Author: Togas Tulandi, MD, MHCM
Section Editor: Courtney A Schreiber, MD, MPH
Deputy Editor: Kristen Eckler, MD, FACOG

All topics are updated as new evidence becomes available and our peer review process is complete.

Literature review current through: Jul 2019. | This topic last updated: Jun 13, 2019.

INTRODUCTION

An ectopic pregnancy is a pregnancy outside of the uterine cavity. The majority of ectopic
pregnancies occur in the fallopian tube (96 percent) [1], but other possible sites include cervical,
interstitial (also referred to as cornual, a pregnancy located in the proximal segment of the
fallopian tube that is embedded within the muscular wall of the uterus), hysterotomy scar (eg, in
patient with a previous cesarean delivery), intramural, ovarian, or abdominal. In addition, in rare
cases, a multiple gestation may be heterotopic (include both a uterine and extrauterine
pregnancy).

Ectopic pregnancy is a potentially life-threatening condition.

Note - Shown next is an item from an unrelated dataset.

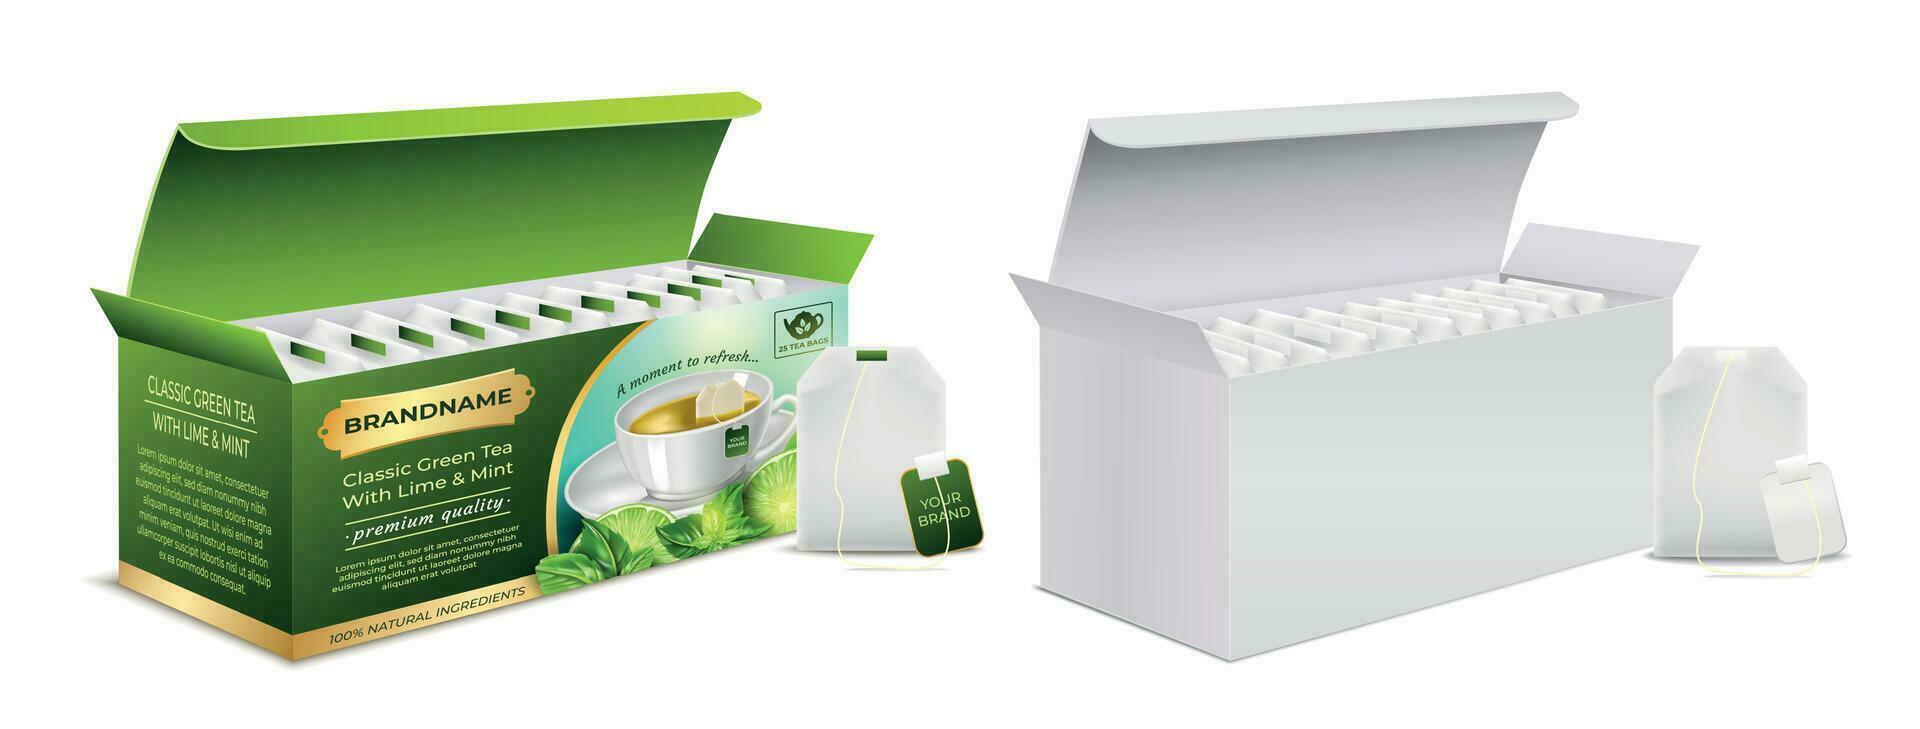 realista detallado 3d clásico verde té con Lima y menta y burlarse de arriba paquete concepto. vector

While surgical approaches are the
gold-standard treatment, advances in early diagnosis in the 1980s facilitated the introduction of
medical therapy with methotrexate [2]. With the routine use of early ultrasound, diagnosis of
ectopic pregnancy can be established early and medical treatment can be administered in many
cases. The overall success rate of medical treatment in properly selected women is nearly 90
percent [3-5]. In select cases of early ectopic pregnancy or pregnancy of unknown location,
expectant management is an option.

Guidance regarding how to choose a treatment for ectopic pregnancy will be reviewed here.
Related topics regarding ectopic pregnancy are discussed in detail separately, including:

● Epidemiology, risk factors, and pathology (see "Ectopic pregnancy: Epidemiology, risk factors,
and anatomic sites")

● Clinical manifestations and diagnosis (see "Ectopic pregnancy: Clinical manifestations and
diagnosis")

● Methotrexate therapy (see "Ectopic pregnancy: Methotrexate therapy")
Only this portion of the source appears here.